Saturday, July 14, 2012

Traveling & Standing Waves in Water

Traveling Waves



I recall jerking a garden hose, then seeing the bend I'd made travel away from me down a finite length of the hose. This retreating bend, or pulse, is a traveling wave.

Waves are caused by a disturbance - an input of energy - that travels through spacetime while the energy of the disturbance is transferred and dissipated.

A traveling wave is seen when the wave is not confined to a given space along the medium such as ocean waves approaching a shoreline.
The sea pronounces something, over and over, in a hoarse whisper; I cannot quite make it out.
~Annie Dillard
Ocean waves can travel thousands of miles before reaching land.



From the Wave

It mounts at sea, a concave wall
   Down-ribbed with shine,
And pushes forward, building tall
   Its steep incline.


...opening stanza from a poem by Thom Gunn

Standing Waves



A standing wave is stationary. It is confined in some way by natural or man-made contraints.

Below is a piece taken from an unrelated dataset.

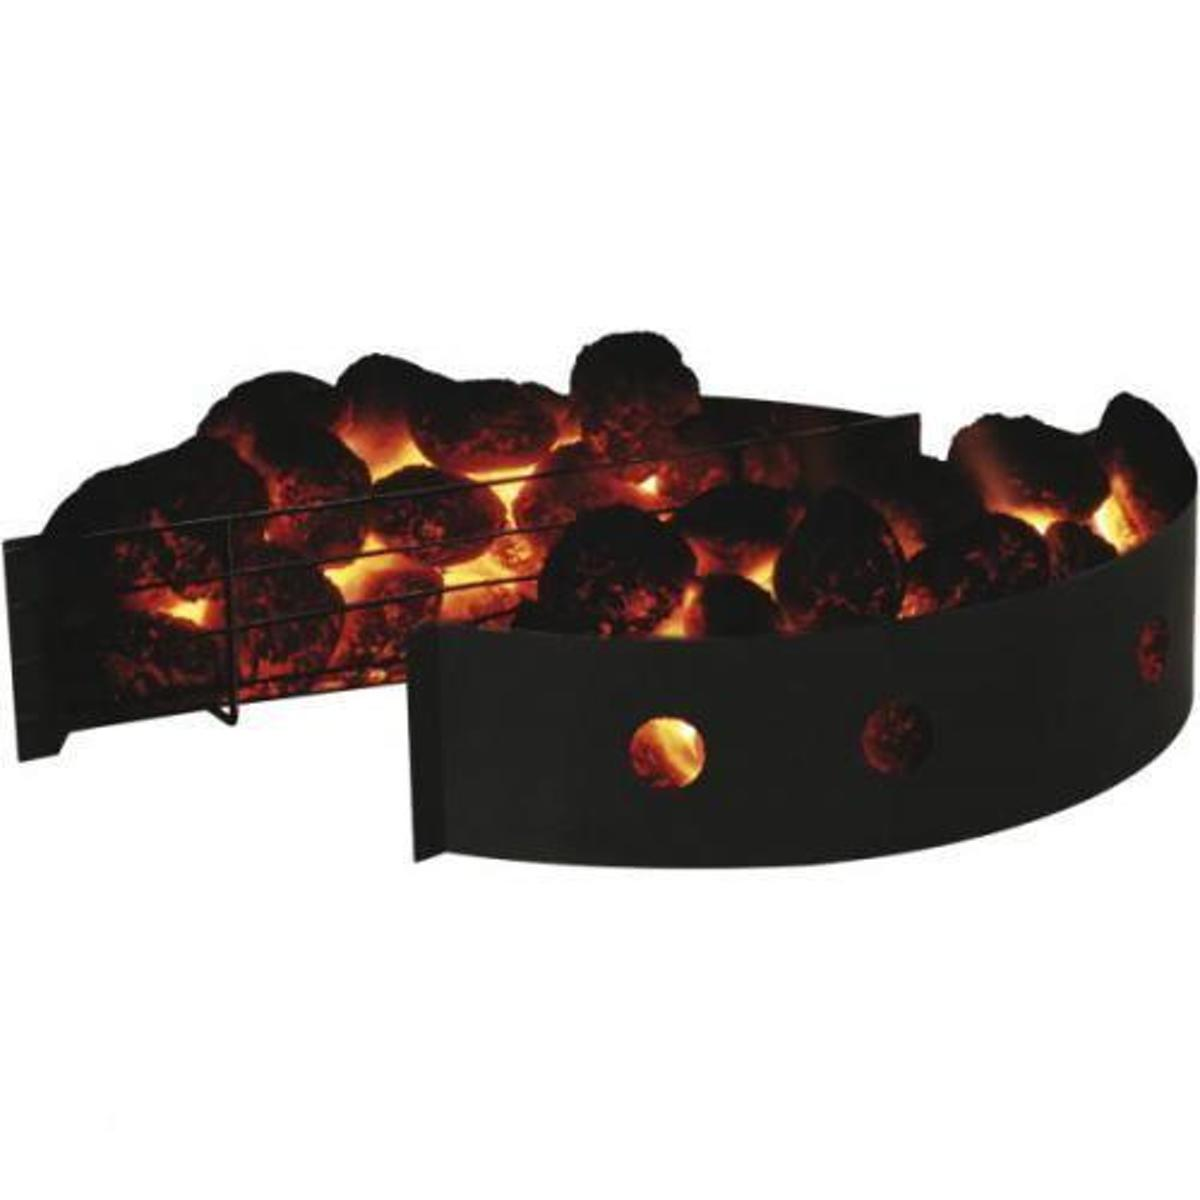 CADAC Charcoal Tray Houtskoolbak kopen

A vibrating guitar string is an example of a standing wave. A guitar string has a number of frequencies at which it will vibrate (i.e., the harmonics of the guitar string). The frequency at which a guitar string vibrates depends on the tension of the string, the linear density of the string and its length.

Standing Waves in Rivers

Standing waves in rivers are caused by a high volume of water constricted by flowing into and over a structure like a submerged boulder and creating a wave behind it known as a hydraulic jump. Thought another way, when flowing water encounters a zone of slower moving water a abrupt rise occurs in the surface of the water.

Standing waves can been ridden like the river surfers on the Eisbach in Munich (below). The Eisbach river surfers catch the wave by launching into it from the sides, then facing upstream while traversing its stationary wave front.



The Eisbach wave is about 3' high. Enthusiasts have modified the wave to boost its height and to break more cleanly by submerging planks attached to an upstream bridge.

Surfing a standing wave gives the sensation of traveling over water while not actually moving. A standing wave can be surfed for as long as one maintains the right position and balance.
How could drops of water know themselves to be a river? Yet the river flows on.